Dari pengakuan murid dari Padepokan Eyang Sundari itu, ide dan konsep ramal tarian yang lakoninya tidak lepas dari proses perjalanan hidup peramal sebagai pelaku seni tari dan peramal. "Dalam perjalanan hidupnya sebagai seorang penari, peramal seringkali merasakan adanya energi yang keluar dari tubuhnya, maupun lingkungan sekitar ketika peramal menjiwai gerak tari ketika menari kan berbagai tarian," papar peramal dan penari yang telah belajar tari sejak usia 5 tahun itu.
Dalam praktiknya nanti, Artha yang sempat belajar tari klasik di nDalem Pujokusuman itu akan membaca berbagai ramalan orang sesuai dengan energi yang diserapnya. Jadi kemungkian setiap saat, seseorang bisa memunculkan energi yang berbeda-beda yang menjadi acuannya dalam meramal nasib, jodoh, kesehatan, dll.
"Pada aksinya nanti, saya akan menari lebih ke kontemporer dan akan nembang Jawa dengan diringi alat musik biola.
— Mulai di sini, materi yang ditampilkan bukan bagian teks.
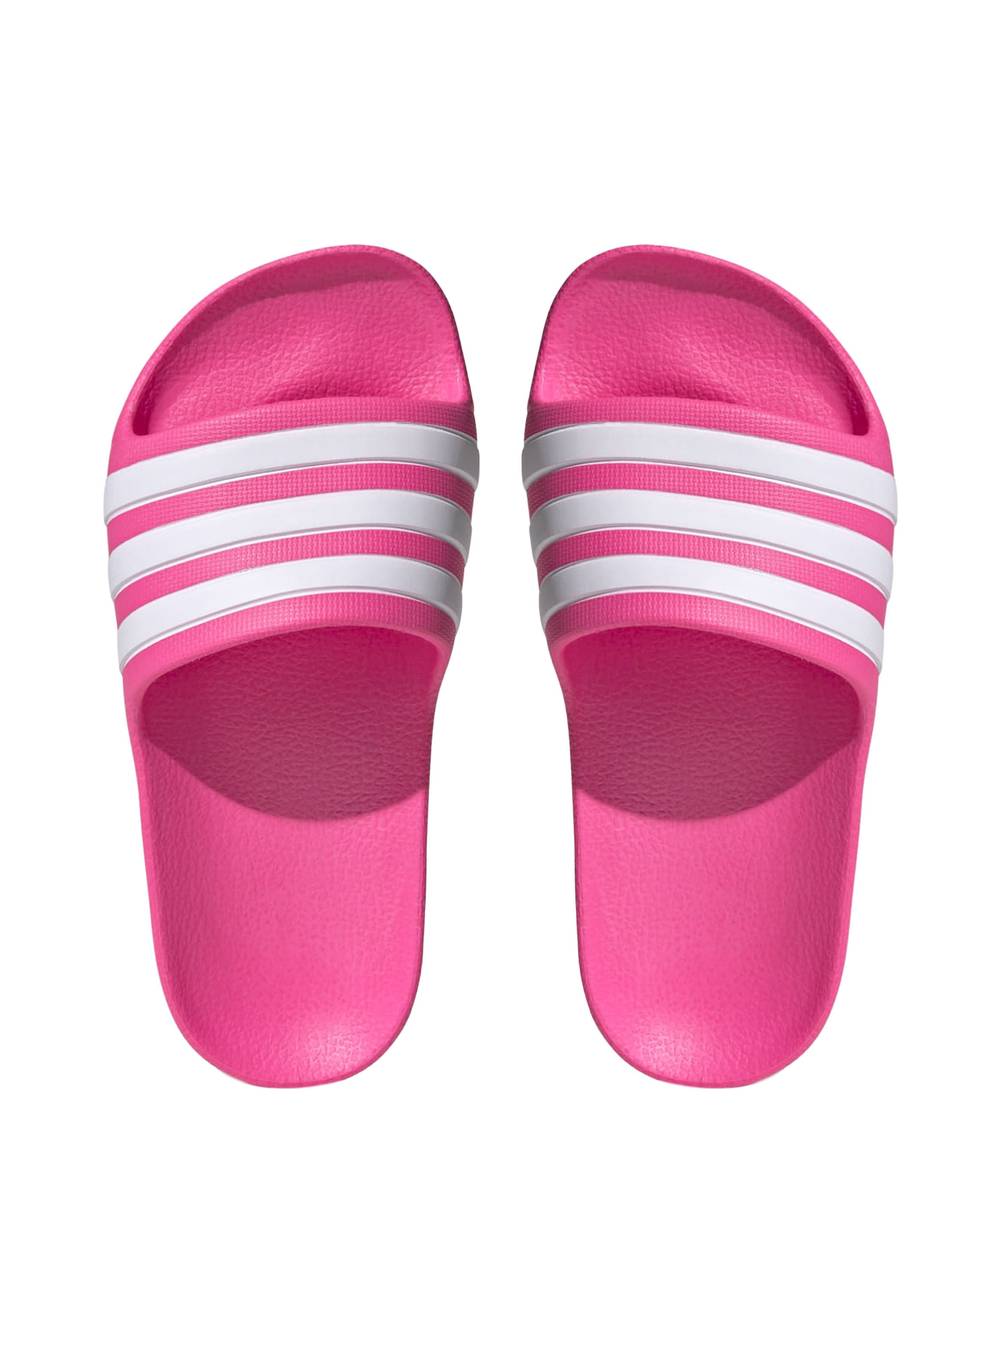 Adidas sandalia kinds adilette aqua unisex rosado 'n 6

Orang yang saya ramal harus meletakkan kedua tangannya di udara," kata peramal yang saat ini masih tercatat sebagai mahasiswi Fakultas Hukum UGM ini.
Aksi tariannya nanti diperkirakan akan berlangsung selama sekitar 10 menit. Sedangkan untuk meramal satu orang, penari yang saat ini masih tergabung dalam komunitas seniman perempuan Limbuk cangik itu memerlukan waktu sekitar lima menit.
Artha menjalani profesi sebagai peramal sejak tahun 2007, dimulai dari sejumlah acara. Saat ini, Artha yang juga melayani praktik ramalan di kediamannya di Perumahan Mranggen, Jl. Magelang Sleman, Yogyakarta itu juga melayani ramlaan garis tangan, kartu taroot, kartu drupadi, perhitungan nama dan weton, hingga totok aura.
"Saya senang meramal, khususnya dengan metode yang paling ini yaitu ramal tarian. Kalau tidak meramal sehari saja, saya merasa ada yang tidak tersalurkan saja, jadi setiap hari harus meramal," tukasnya.